As Sherry Turkle, a professor of social science who has written a great deal on human-technology interaction claimed in her book ‘Alone Together’, ‘we have to find a way to live with seductive technology and make it work to our purposes.’
Here are a few effective methods we are seeing people use to regain balance and take back control in a fashion that they feel is appropriate. They aren’t always definitive actions, but they show the way in which ‘digital detox’ is merely one way in which people are regulating their use of smart-phones, tablets and connective digital technology.
Family rules
During our research, we witnessed people, particularly families, practising a new social etiquette around phones. This might be limiting access such as permitting an appropriate amount of screen time or even re-setting wi-fi passwords until certain tasks have been completed. Some families denote bedrooms and bathrooms as tech-free spaces. The TV is being de-prioritised as the centrepiece in hope of nurturing conversation and relaxation.
Social codes
To be phubbed describes the act of somebody pulling out a phone whilst communicating with you. We’ve seen playful tactics such as ‘phone stacking’, whereby diners balance all their phones in the middle of the table. Now we are beginning to see a more collective discipline of the appropriate times to hide away our phones. Some restaurants such as Bunyadi in London are banning phones as a USP to allow people an escape from the everyday.
Second phones
The relaunch of the Nokia 3310 might not simply be a case of addressing a market nostalgic for retro design.

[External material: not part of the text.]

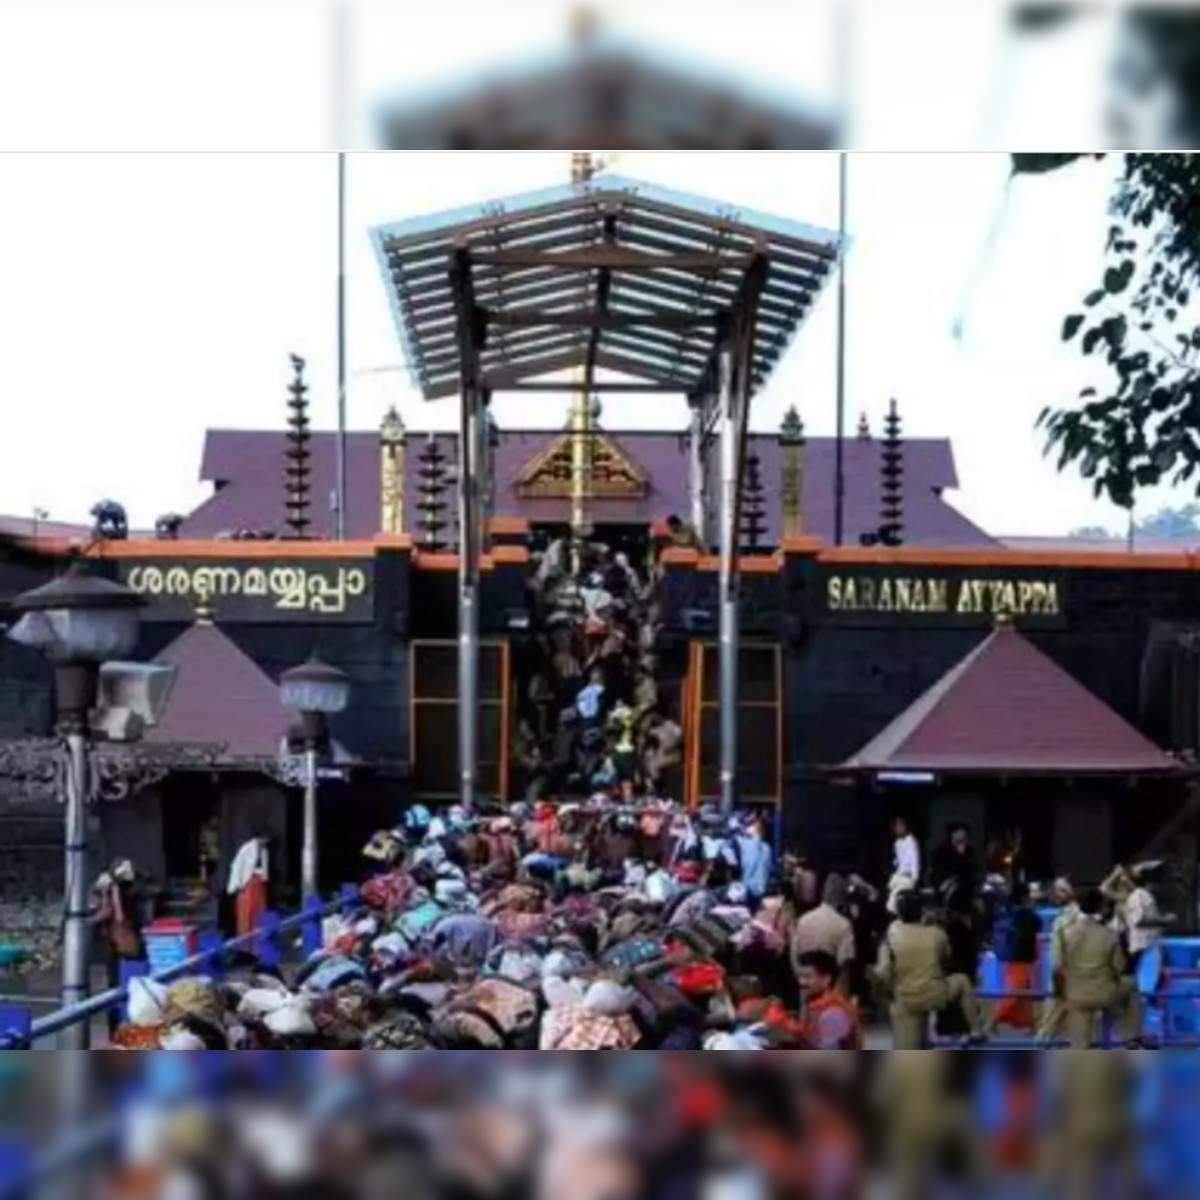 Kerala 12-Year-Old Girl Dies During Trek To Lord Ayyappa Shrine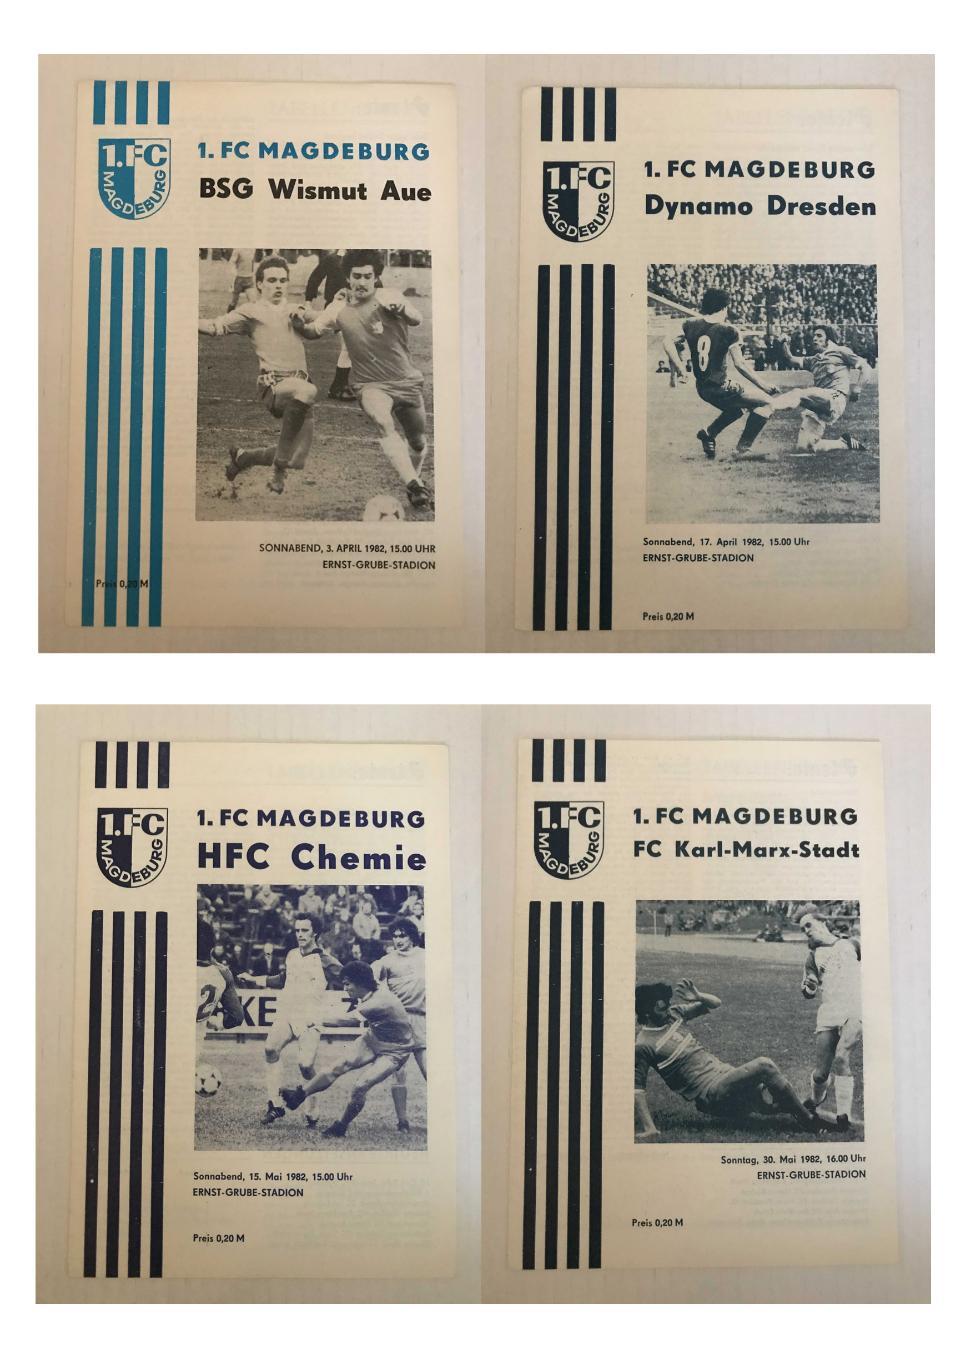 1.ФК Магдебург Оберлига ГДР 1981/82 домашний комплект 2

Another reason might be to consider this a sign that some want to rid their phones of distractions and strip their mobiles back to the core functions — making calls and sending/receiving SMS messages. An article in the FT suggested that there are a number of ‘second phoneys’ who use a smartphone in the day but a simpler phone in the evening.
Do Not Disturb
Turning off notifications is an effective demonstration of people pushing back on the constant bombardment faced by apps that are designed to encourage engagement. Notifications demand our attention and pull us away from the task at hand or the people in front of us. Nicky Morgan, the Education Secretary suggested that teachers should not email after 5pm. Others suggest that school servers should stop pushing emails between 6pm and 7am the next day.
Controlling time
There are lots of mobile and web services to help us monitor or limit the time spent on devices such as Offtime, Moment and Flips. They devise different tactics to help you track how you use your phones and set restrictions on usage. Smartphone users are minimising time spent within an app. These include ditching editing features or ‘filters’ when sharing images partly to make the process swifter and partly to make the result more natural.
Hiding apps
UX design has been so successful at making the act of unlocking our phones and launching an app almost subconscious. This too makes some certain applications almost addictive in nature and can contribute to the frustration and feeling of not being in control. During research, we have seen how people have re-arranged their apps, moving certain ones to harder-to-reach places on their phones. Deleting apps from mobile devices is another strategy.
Setting boundaries
Becoming self-aware of when you are most susceptible to using your phone is the first step to being able to create rules to help you find balance. Rules could include: always keeping your phone out of sight when eating, switching to the ‘do not disturb’ function after 9pm, replacing your phone with a book on public transport, limiting the number of times you check social media to twice a day or turning off email notifications as you leave the office.
Mindfulness
Mindfulness is a meditation technique that encourages a moment outside the pressing concerns of daily life and thereby regaining attention over the present moment when one returns. ‘Being in the moment’ has become another coping mechanism used to help people address the negative affects of information overload associated with smartphones. In April 2016, the mindfulness app Headspace claimed to have over 6 million active users.